Public school in DeSoto, Texas, U.S.

DeSoto High School Freshman Campus is a public school in DeSoto, Texas, United States. It is part of the DeSoto Independent School District.

Located at 620 South Westmoreland Road, the school serves the district's ninth graders.

The Freshman Campus opened in 1997 to alleviate overcrowding at the high school. Although the campuses are connected to each other and share a common library, they are commonly treated as separate schools within the district.

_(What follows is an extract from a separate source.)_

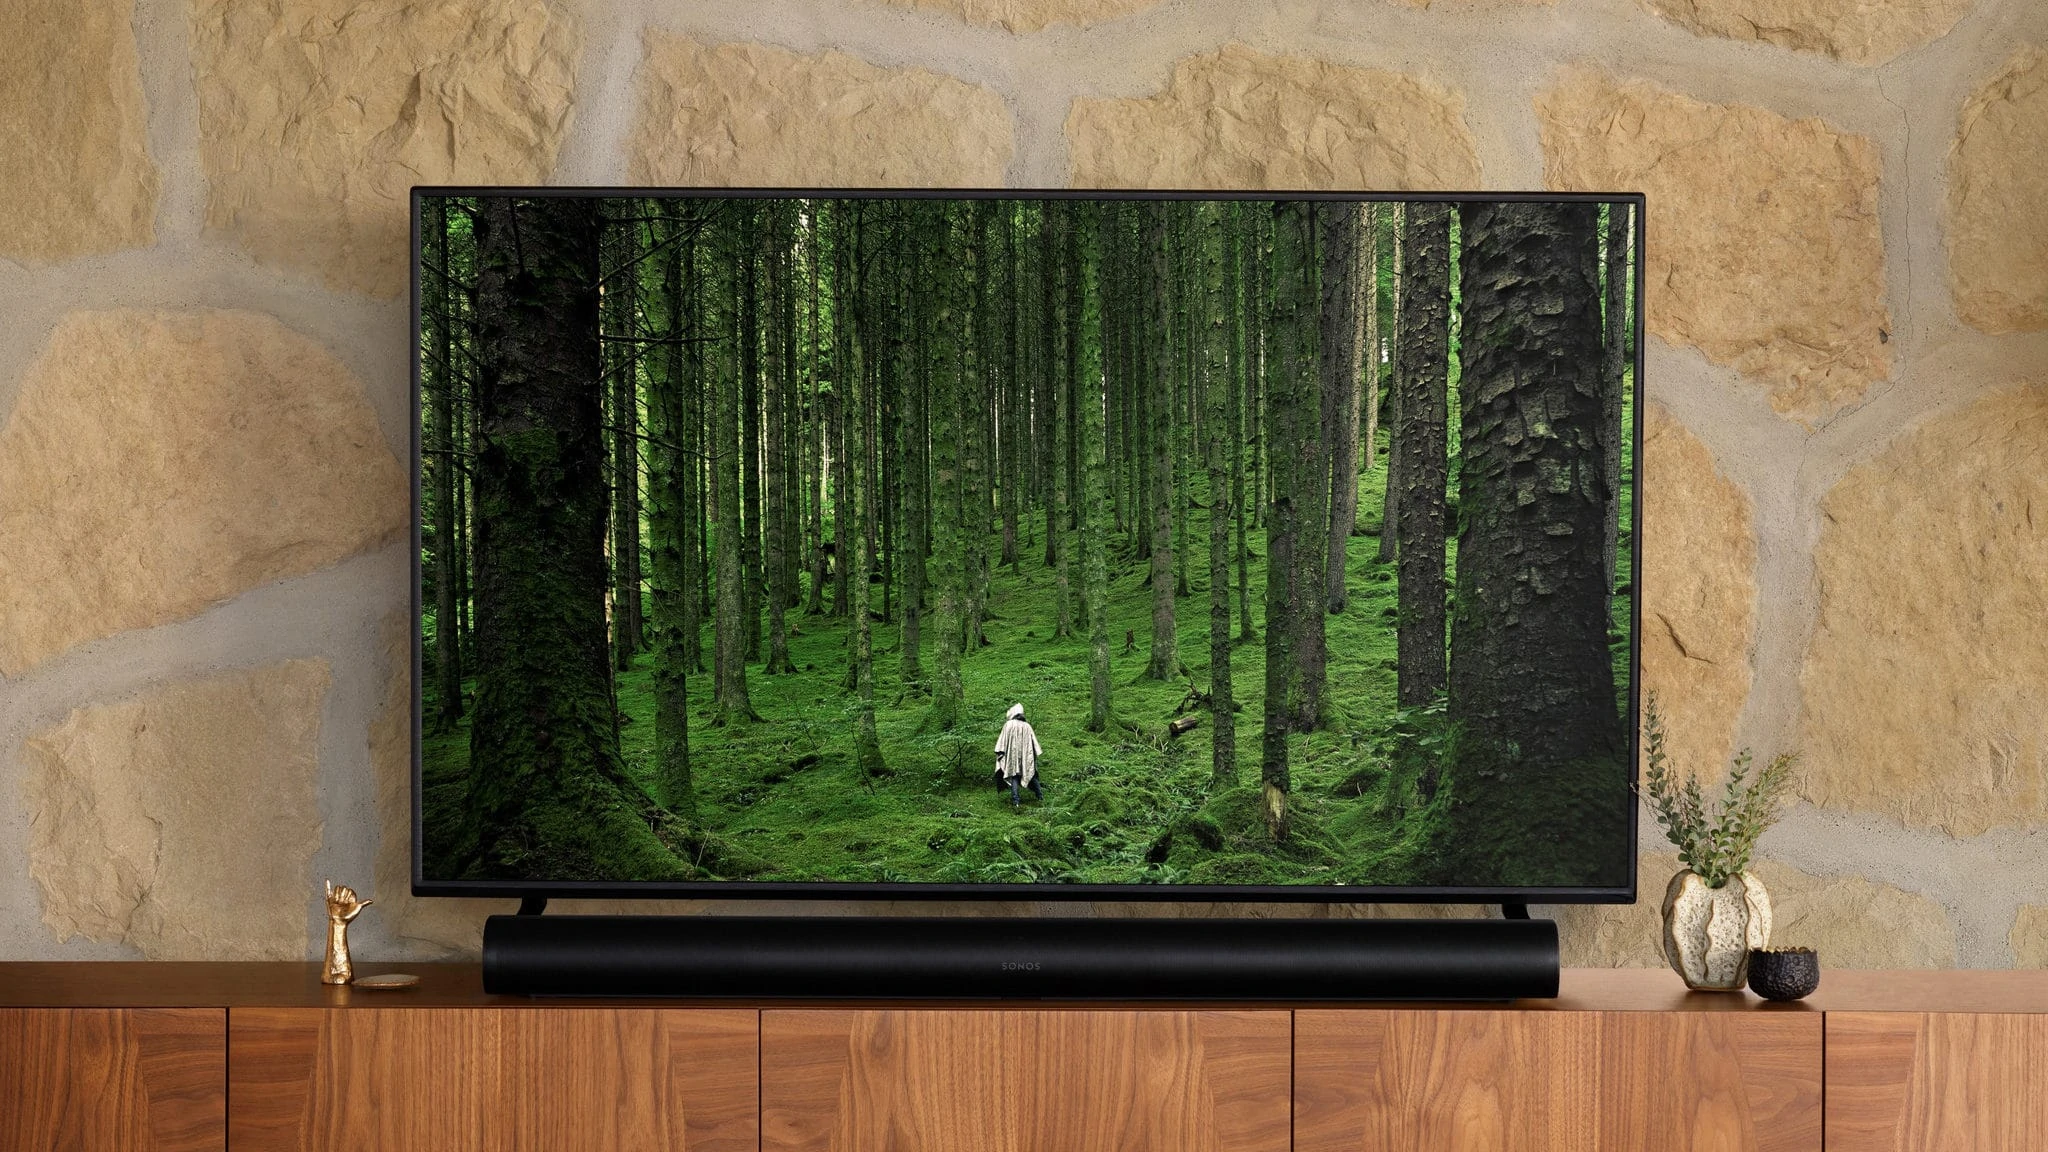 Sonos Arc in beeld voor een televisie op een televisiemeubel.

The district, and therefore the school, most of DeSoto, the Dallas County portions of Glenn Heights, and a portion of Ovilla in Dallas County, as well as a small portion of Cedar Hill.

==Student demographics==
As of the 2005–2006 school year, the Freshman Campus had a total of 809 students (74.8% African American, 10.8% White, 13.7% Hispanic, 0.6% Asian, and 0.1% Native American).

== School uniforms ==
In the 2005–2006 school year, DeSoto ISD began a mandatory school uniform policy at all of its schools.

==2005-06 accountability rating==
Based on the accountability ratings released by the Texas Education Agency on August 1, 2006, the Freshman Campus is currently rated "Academically Acceptable".